It is more difficult to compare our estimated household infectious contact probability with estimates of the household secondary attack rate (SAR), which are usually obtained by calculating the proportion of all susceptible members of study households who have the onset of a given set of symptoms within a given time period relative to symptom onset in the index case. Among these estimates for pH1N1 are: .145 (.129, .164) for influenzalike illness (ILI) within 7 days after the index case symptom onset (Carcione et al., 2011) , .13 for acute respiratory infection (ARI) and .9 for ILI within 1-9 days after the index case symptom onset (Morgan et al., 2010) , .113 (.088, .137) for ILI up to 23 days after index case symptom onset (France et al., 2010) , and .13 for ARI and .10 for ILI 7 days before or after the index case symptom onset . We did the following simulations to see if our estimated household infectious contact probability of .07 is consistent with these estimates:

(a) For each of the 58 households in the LA data, we simulated an epidemic using its observed number of index cases and an household infectious contact probability of .07. (b) After the epidemics in all households completed, we calculated the proportion of all household contacts who were infected.

Repeating this 10, 000 times, we got a mean household SAR of .12 with a bootstrap percentile 95% confidence interval of (.06, .19), which places us solidly within the range of previous household SAR estimates. Our nonparametric estimate of the distribution of infectiousness over time is consistent with estimates of the serial interval distribution for pH1N1 by Donnelly et al. (2011) , who found high infectiousness on days 0, 1, and 2 following symptom onset with only 18% of transmission occurring > 2 days after the onset of symptoms and only 5% occurring > 3 days after symptom onset. A similar pattern of high infectiousness early in the infectious period was found by Cauchemez et al. (2009) , who also used a serial interval distribution. Though theoretical and practical problems with the serial interval distribution were noted in Section 1, the similarity between our results and those of Donnelly et al. (2011) and Cauchemez et al. (2009) suggests that the marginal Nelson-Aalen estimate captured an important feature of pH1N1 transmission that was missed by the parametric contact interval distribution estimates.
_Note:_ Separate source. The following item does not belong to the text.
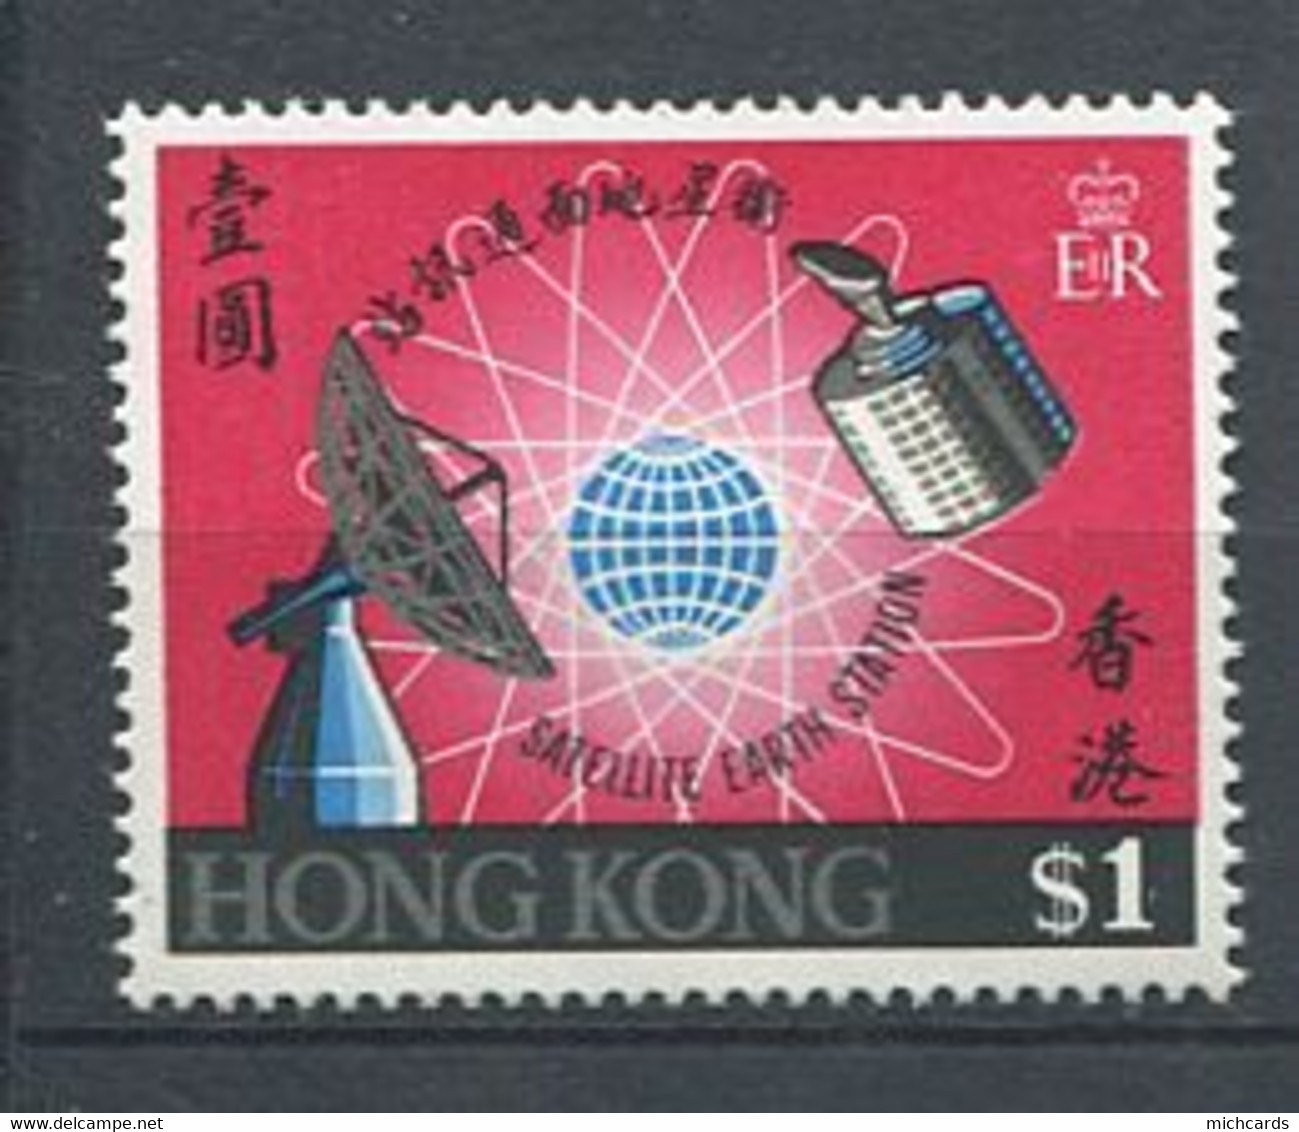 232 HONG KONG 1969 - Yvert 243 - Station Satellite Communication - Neuf ** (MNH) Sans Trace De Charniere - Neufs

The marginal Nelson-Aalen estimator suffers many of the same limitations as the parametric estimators in Kenah (2010) and some of its own. In roughly decreasing order of difficulty, these include:

(a) The SEIR framework is limited to acute, immunizing infectious diseases that spread person-to-person, so our methods do not apply directly to tuberculosis, HIV/AIDS, many foodborne and waterborne diseases, pneumococcal and meningococcal diseases, and other infectious diseases of major public health importance. (b) We have assumed that contact intervals are independent of infectious periods, which is unrealistic. Both are affected by the interaction between the host and the pathogen. (c) We have assumed that infection times, times of onset of infectiousness, and times of recovery from infectiousness are observed, which is unrealistic. Usually, only symptom onset times are observed. In the analysis of the Los Angeles County household data in Section 4, we were forced to assume constant latent, incubation, and infectious periods because we had only symptom onset times. The implicit assumption of constant latent, incubation, and infectious periods in methods based on generation and serial intervals was one of our main criticisms in Section 1. Unfortunately, our analysis merely made these same assumptions explicit. (d) We assumed that the contact interval distribution is identically distributed for all ordered pairs ij such that C ij = 1, which is unrealistic. For instance, age was found to have an effect on pH1N1 transmission in most of the papers cited in Section 4 France et al., 2010; Morgan et al., 2010; Carcione et al., 2011; . The effects of covariates on the transmission of disease is a central concern of infectious disease epidemiology.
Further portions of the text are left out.